------ Data for review

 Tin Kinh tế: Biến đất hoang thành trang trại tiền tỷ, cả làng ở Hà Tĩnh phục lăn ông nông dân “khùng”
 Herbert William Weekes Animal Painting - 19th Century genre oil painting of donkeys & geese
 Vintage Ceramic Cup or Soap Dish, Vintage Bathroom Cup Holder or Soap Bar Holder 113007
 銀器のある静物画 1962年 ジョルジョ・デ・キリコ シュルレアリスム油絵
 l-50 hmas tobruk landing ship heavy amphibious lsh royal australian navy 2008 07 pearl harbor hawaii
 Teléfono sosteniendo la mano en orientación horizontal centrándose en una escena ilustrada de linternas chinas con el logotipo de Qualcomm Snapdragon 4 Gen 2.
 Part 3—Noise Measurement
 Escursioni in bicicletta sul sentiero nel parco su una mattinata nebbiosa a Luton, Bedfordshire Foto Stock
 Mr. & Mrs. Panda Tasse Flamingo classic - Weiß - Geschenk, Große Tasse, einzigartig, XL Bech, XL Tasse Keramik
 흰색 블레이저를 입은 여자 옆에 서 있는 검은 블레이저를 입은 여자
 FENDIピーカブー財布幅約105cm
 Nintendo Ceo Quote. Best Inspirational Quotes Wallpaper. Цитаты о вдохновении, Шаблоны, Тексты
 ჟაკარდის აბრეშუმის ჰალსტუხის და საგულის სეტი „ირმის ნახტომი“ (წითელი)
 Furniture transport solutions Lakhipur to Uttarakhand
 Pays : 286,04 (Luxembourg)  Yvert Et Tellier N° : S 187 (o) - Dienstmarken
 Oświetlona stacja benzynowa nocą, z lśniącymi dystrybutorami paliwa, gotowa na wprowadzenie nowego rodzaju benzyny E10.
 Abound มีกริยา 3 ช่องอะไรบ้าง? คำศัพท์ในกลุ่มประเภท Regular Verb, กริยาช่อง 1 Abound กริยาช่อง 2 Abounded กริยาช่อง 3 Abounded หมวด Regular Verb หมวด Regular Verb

------------

## Work to be completed
All the records, from the first line to the last: repeat them exactly.

## Exercise response
 Tin Kinh tế: Biến đất hoang thành trang trại tiền tỷ, cả làng ở Hà Tĩnh phục lăn ông nông dân “khùng”
 Herbert William Weekes Animal Painting - 19th Century genre oil painting of donkeys & geese
 Vintage Ceramic Cup or Soap Dish, Vintage Bathroom Cup Holder or Soap Bar Holder 113007
 銀器のある静物画 1962年 ジョルジョ・デ・キリコ シュルレアリスム油絵
 l-50 hmas tobruk landing ship heavy amphibious lsh royal australian navy 2008 07 pearl harbor hawaii
 Teléfono sosteniendo la mano en orientación horizontal centrándose en una escena ilustrada de linternas chinas con el logotipo de Qualcomm Snapdragon 4 Gen 2.
 Part 3—Noise Measurement
 Escursioni in bicicletta sul sentiero nel parco su una mattinata nebbiosa a Luton, Bedfordshire Foto Stock
 Mr. & Mrs. Panda Tasse Flamingo classic - Weiß - Geschenk, Große Tasse, einzigartig, XL Bech, XL Tasse Keramik
 흰색 블레이저를 입은 여자 옆에 서 있는 검은 블레이저를 입은 여자
 FENDIピーカブー財布幅約105cm
 Nintendo Ceo Quote. Best Inspirational Quotes Wallpaper. Цитаты о вдохновении, Шаблоны, Тексты
 ჟაკარდის აბრეშუმის ჰალსტუხის და საგულის სეტი „ირმის ნახტომი“ (წითელი)
 Furniture transport solutions Lakhipur to Uttarakhand
 Pays : 286,04 (Luxembourg)  Yvert Et Tellier N° : S 187 (o) - Dienstmarken
 Oświetlona stacja benzynowa nocą, z lśniącymi dystrybutorami paliwa, gotowa na wprowadzenie nowego rodzaju benzyny E10.
 Abound มีกริยา 3 ช่องอะไรบ้าง? คำศัพท์ในกลุ่มประเภท Regular Verb, กริยาช่อง 1 Abound กริยาช่อง 2 Abounded กริยาช่อง 3 Abounded หมวด Regular Verb หมวด Regular Verb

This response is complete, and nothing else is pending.